Vivendo in nonluoghi senza storia e memoria, l’uomo occidentale contrae una terribile malattia: non oppone alcuna resistenza, si arrende e uniforma «perché è meglio tirare a campare», si ritrae in quarantena permanente. Le questioni economiche, la disoccupazione non possono essere ridotte a questioni di sopravvivenza con la scusa di una crisi globale. Come afferma Milena Jesenskà, viviamo l’equivoco di stare in una «trappola per topi» nella quale, alla fine, «finiremo per morire tutti»: l’assenza di una prospettiva per il futuro, l’abitudine al peggio ci uccideranno. Occorre coraggio per dimostrare di essere preoccupati per il bene comune. Hannah Arendt usa parole significative: «Lasciare il proprio riparo e mostrare chi si è, svelando ed esponendo se stessi» con la «volontà di agire e parlare, di inserirsi nel mondo e di iniziare la propria storia» non soltanto su instagram. Votare “sì” o “no” a un referendum non serve a nulla se alla fine siamo spettatori delle storie di altri. Poco importata se le storie altrui sono 100 o 1000. Per avere coraggio, per iniziare la propria storia, occorre imparare a “stare fermi”. La Jesenskà sottolinea che quando succede qualcosa di strano, ad esempio un evento straordinario, la reazione naturale è quella della paura. Per un motivo o per l’altro, tutti si “muovono” in preda a fare qualcosa: «Le persone possedute dal panico, dalla solitudine e dall’assenza di terreno sotto i piedi, compiono atti folli o giocano tiri codardi, agiscono come martiri sebbene nessuno li stia torturando, o fuggono benché nessuno li stia inseguendo. I primi diranno: “Sono un eroe”, i secondi diranno: “Sono stato costretto”. Entrambi si mettono al centro degli avvenimenti e danno estrema importanza ai propri comportamenti e affari personali. L’essenza della paura sta appunto nell’impedire a una persona di stare ferma» (L. Boella).

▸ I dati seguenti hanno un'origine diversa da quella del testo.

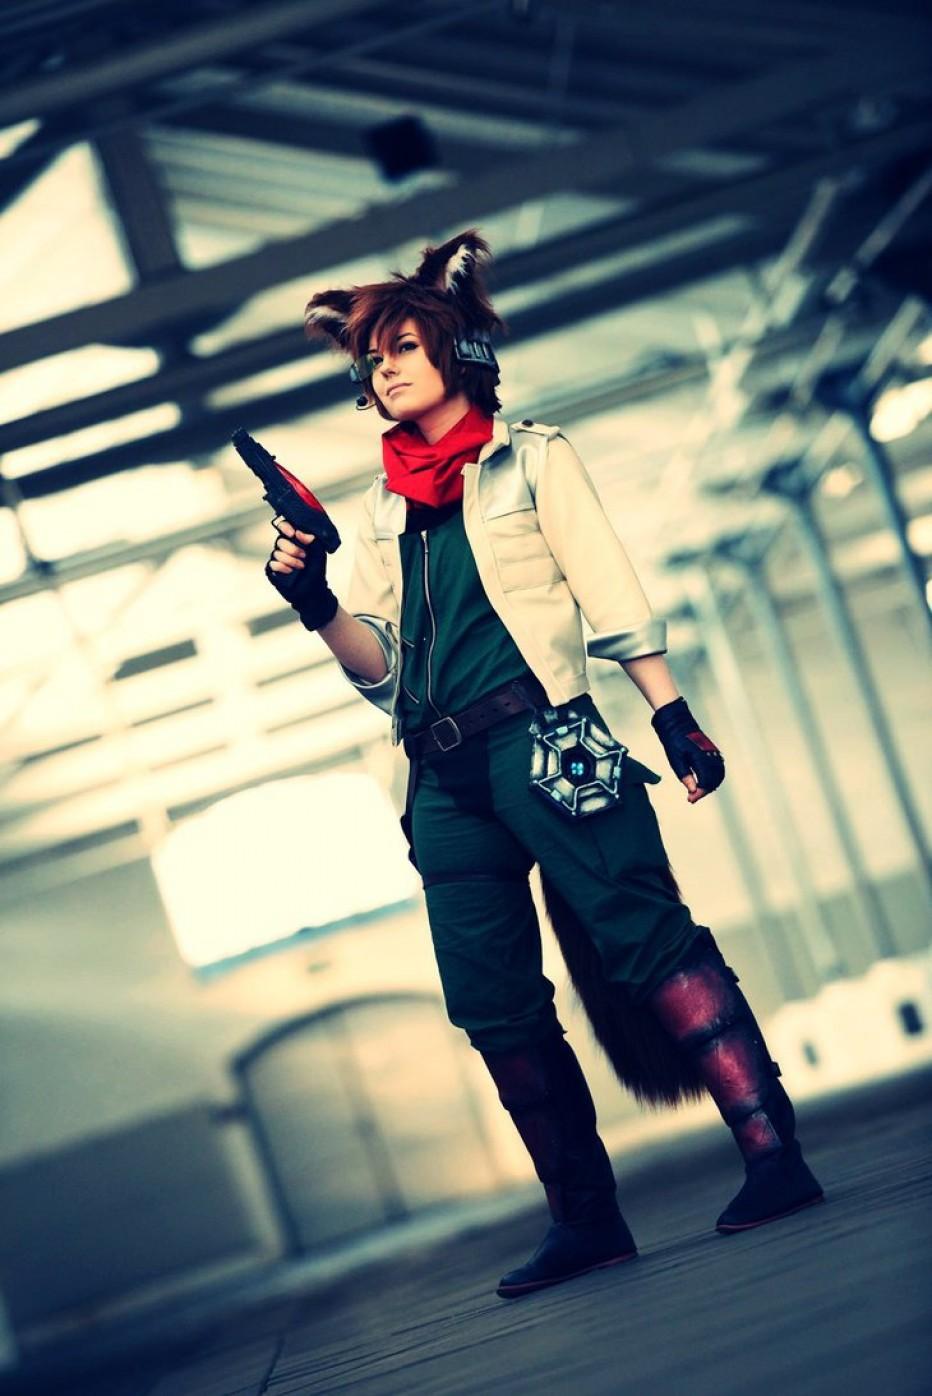 fox_mccloud_by_geleebelly-d7gljep.jpg
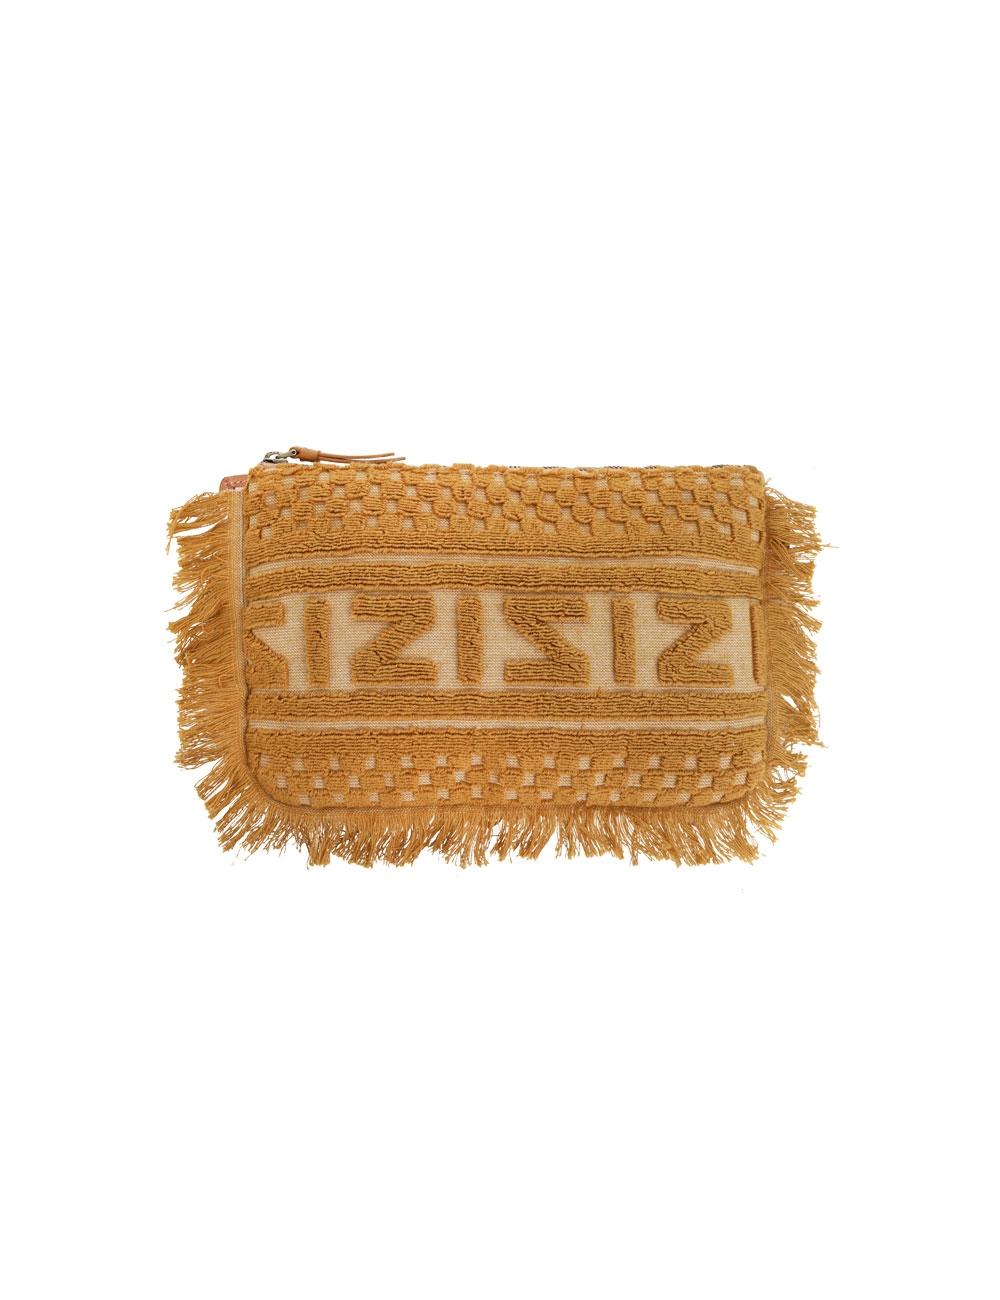 Towel Clutch

"Stare fermi", invece, significa capire ciò che accade, stare di fronte a qualcosa che non conosciamo, non osservare soltanto dalla nostra prospettiva. Fermarsi, quindi, non significa essere passivi: per stare fermi occorre forza, coraggio, pensiero, intelligenza, preghiera. Stando “fermi”, non facendoci trascinare dagli slogan del momento, eleggeremo politici saggi, non solo intelligenti. Qual è la differenza tra un uomo intelligente e uno saggio? La risposta è semplice: l’intelligente sa risolvere i problemi che l’uomo saggio ha saputo evitare.